El aguila de la Novena Legión
Sutcliff, Rosemary
Plataforma Editorial
Colección Histórica
ISBN: 978-84-96981-25-6
Páginas: 300
Precio: € 19,95.-
Esta es la primera parte de una triología que ha vendido 1.000.000 de ejemplares y ha sido traducida a 16 idiomas.
En el año 117 d. C. la Novena Legión Hispánica se internó en las nieblas de Caledonia y entró en la leyenda, pues nadie tuvo nunca más noticia de ella ni de los hombres que la integraban. Veinte años después, Marco, hijo de unos centuriones de la desdichada legión, recala en Britania con su unidad de auxiliares galos. Gravemente herido durante un levantamiento de la población britana de origen celta, debe abandonar el servicio, pero se le presenta la oportunidad de correr la mayor aventura de su vida porque al norte del Muro de Adriano, entre las tribus todavía por conquistar, corre el rumor de que ha reaparecido un poderoso amuleto de guerra: el Águila de una legión romana. Sólo puede ser el Águila de la Novena y Marco se internará en las brumas del norte para arrebatar el trofeo a los bárbaros, devolver el honor a la legión de su padre y resolver el enigma de su misteriosa desaparición.

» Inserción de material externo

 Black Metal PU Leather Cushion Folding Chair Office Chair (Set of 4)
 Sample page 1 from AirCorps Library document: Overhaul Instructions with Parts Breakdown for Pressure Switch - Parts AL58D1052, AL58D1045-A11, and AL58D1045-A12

Rosemary Sutcliff (1920-1992) era hija de un oficial naval británico y ganó un enorme prestigio con sus novelas históricas especialmente las ambientadas en la Britania romana y de la edad oscura (artúrica). El águila de la Novena Legión parte del enigma histórico de la desaparición sin dejar ni rastro de la IX Legión Hispana -perdida, según algunas fuentes, en las nieblas escocesas- para construir con verdaderas gracia y sensibilidad una emocionante, conmovedora y muy romántica ficción. El hallazgo real de una pequeña águila de bronce en Silchester como la que coronaba los estandartes romanos le sirvió a Sutcliff de inspiración para imaginar la aventura de Marco Flavio Aquila (sic), un joven ex centurión de la época de Adriano, inválido por heridas de guerra (la propia escritora padecía una enfermedad crónica que la postró en silla de ruedas), en pos de la preciada insignia de la legión de su padre. Marco sufre la doble humillación de su baja forzosa de las legiones y la deshonra de la unidad de su progenitor, maldecida por Buodica y cuya sagrada águila ha caído 12 años antes en manos de los bárbaros en la frontera más septentrional del imperio. Acompañado por un guerrero brigante ex gladiador con el que ha trabado amistad, el romano (enamorado de una sabidilla muchacha icenia) se interna en el territorio más allá del muro y realiza su peligrosa pesquisa entre las tribus indómitas camuflado de curandero.
El somero argumento -añádase que el romano ha criado un lobo: Sutcliff tenía dos chihuahuas- no hace justicia a esta hermosa novela en la que Sutcliff puede detener la mirada sobre un nido de vencejo en el alero de un fuerte romano o sobre los serbales en flor que llenan el aire de aroma a miel. Hay acción, por supuesto, incluso un ataque de carros britanos y una vertiginosa persecución; también se forma la testudo -aunque aquí la novela está presidida por la nostalgia de la fragancia de las rosas y no por el hedor de los cuerpos en el matadero del combate-. Pero domina un tono pausado, una melancolía que se pega al relato como el musgo a las viejas piedras de Eburacum, donde penan los fantasmas de la legión perdida. En Sutcliff no hay como en Scarrow sangre a espuertas ni heridas atroces; la guerra, el combate, quedan como asuntos evanescentes, espectrales, subordinados a las reglas canónicas del género de aventuras: la búsqueda, el viaje, los peligros, la transformación del protagonista (que, cosa notable, no mata a nadie). En lugar de la moderna imagen brutal de la antigüedad -la de Scarrow, Cornwell, Gladiator o la serie Roma- El águila de la Novena Legión plasma un mundo lleno de sutileza y humanidad en el que las diferencias entre los pueblos no son mayores que, como argumenta un personaje, las que hay, de diseño, entre la funda de una daga romana y el umbo de un escudo britano.